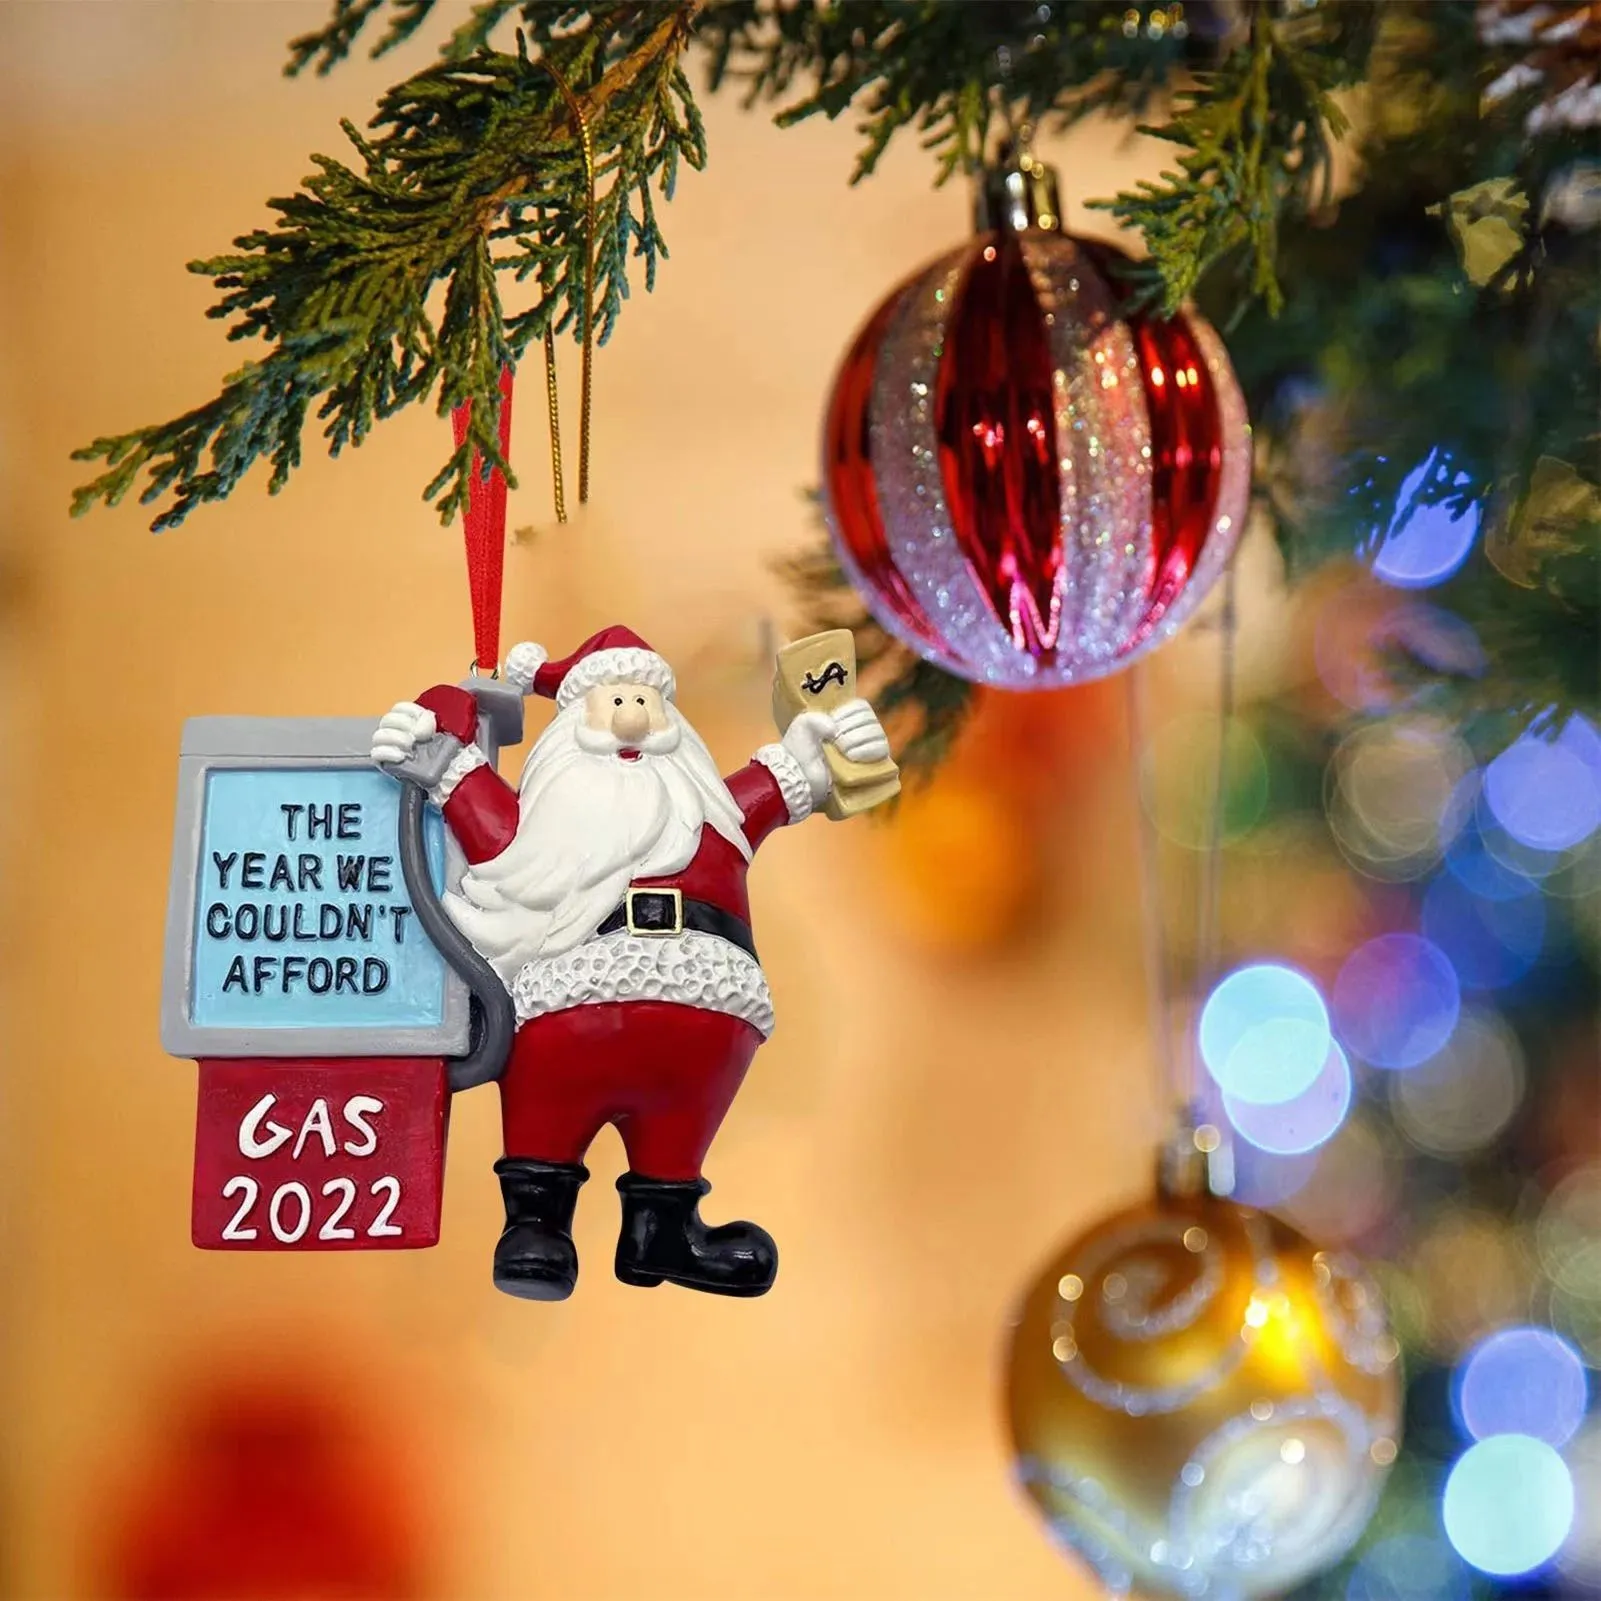 Noël jouet drôle noël père noël ornements l'année nous ne pouvions pas nous permettre de gaz nouvel an arbre suspendu pendentif décoration
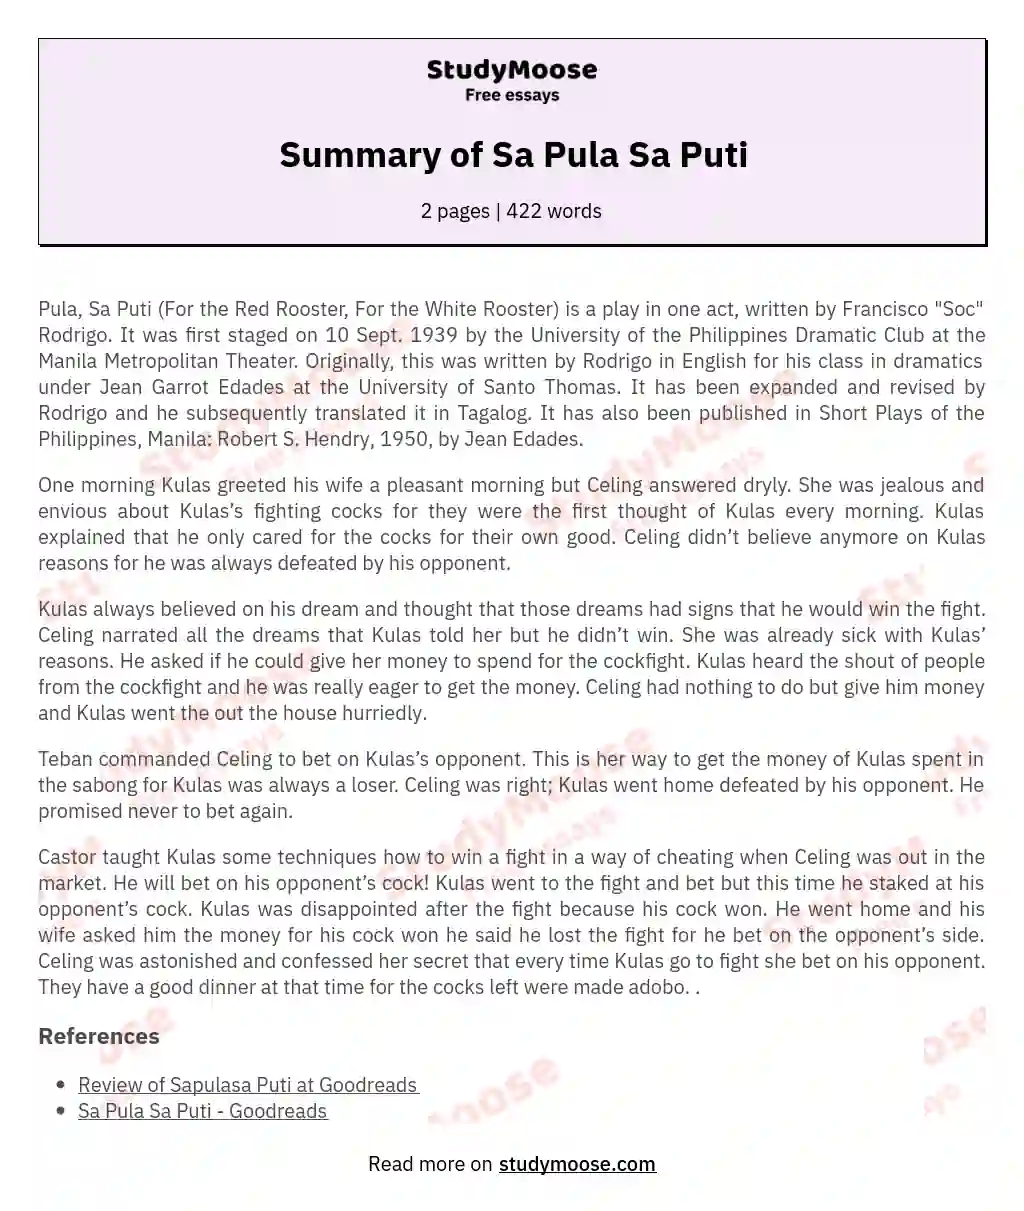 Summary of Sa Pula Sa Puti essay
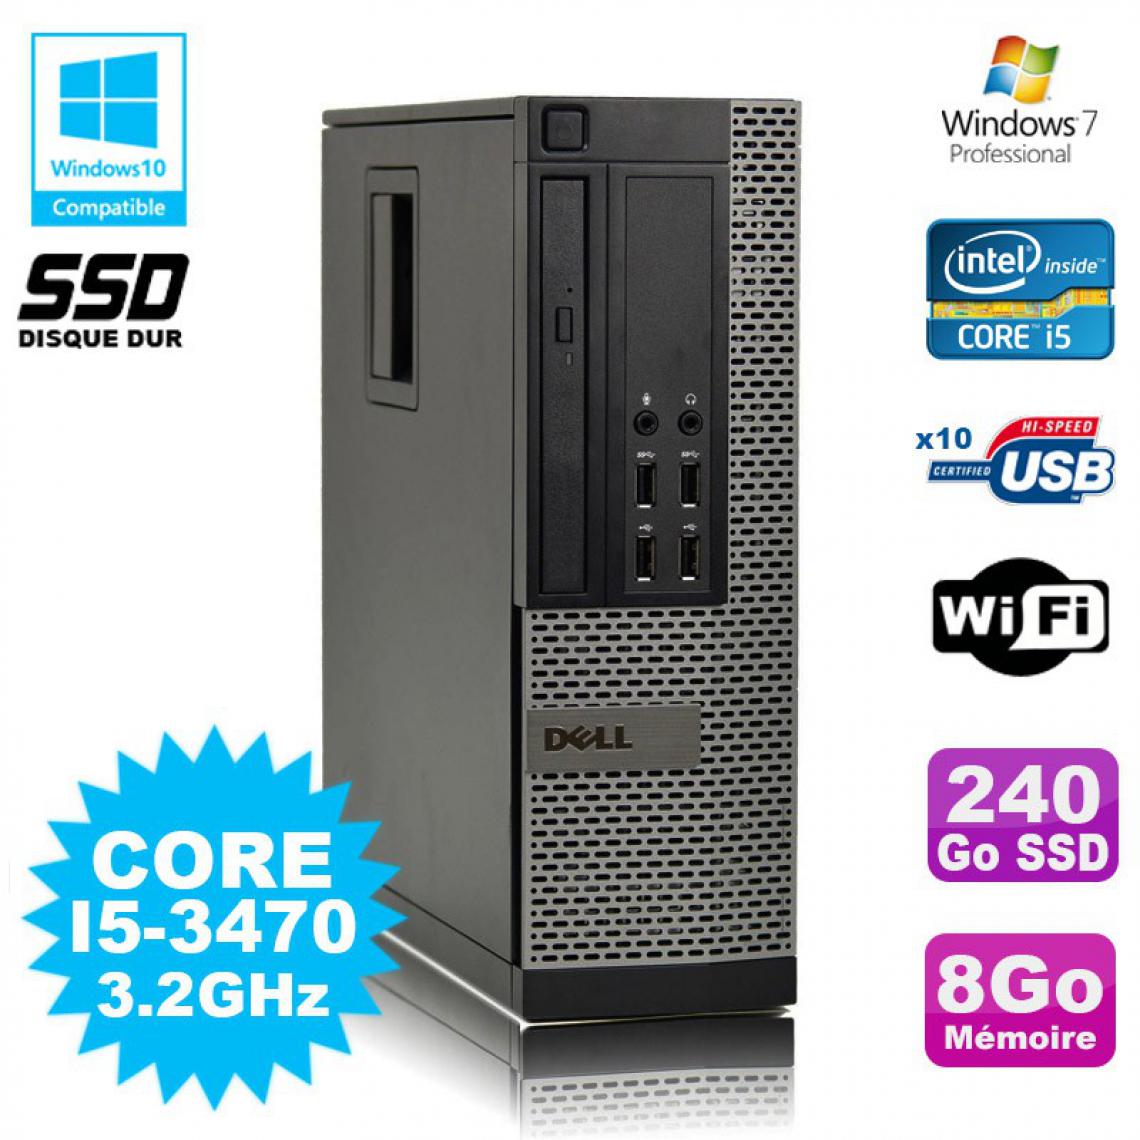 Dell - PC DELL Optiplex 790 SFF Core I5-3470 3.2Ghz 8Go Disque 240Go SSD WIFI W7 Pro - PC Fixe

□ □ □ □ □

--- What you have to do ---
From the material above, output every line exactly as written, dropping any picture.

--- Response ---
 Noël jouet drôle noël père noël ornements l'année nous ne pouvions pas nous permettre de gaz nouvel an arbre suspendu pendentif décoration
 Summary of Sa Pula Sa Puti essay
 Dell - PC DELL Optiplex 790 SFF Core I5-3470 3.2Ghz 8Go Disque 240Go SSD WIFI W7 Pro - PC Fixe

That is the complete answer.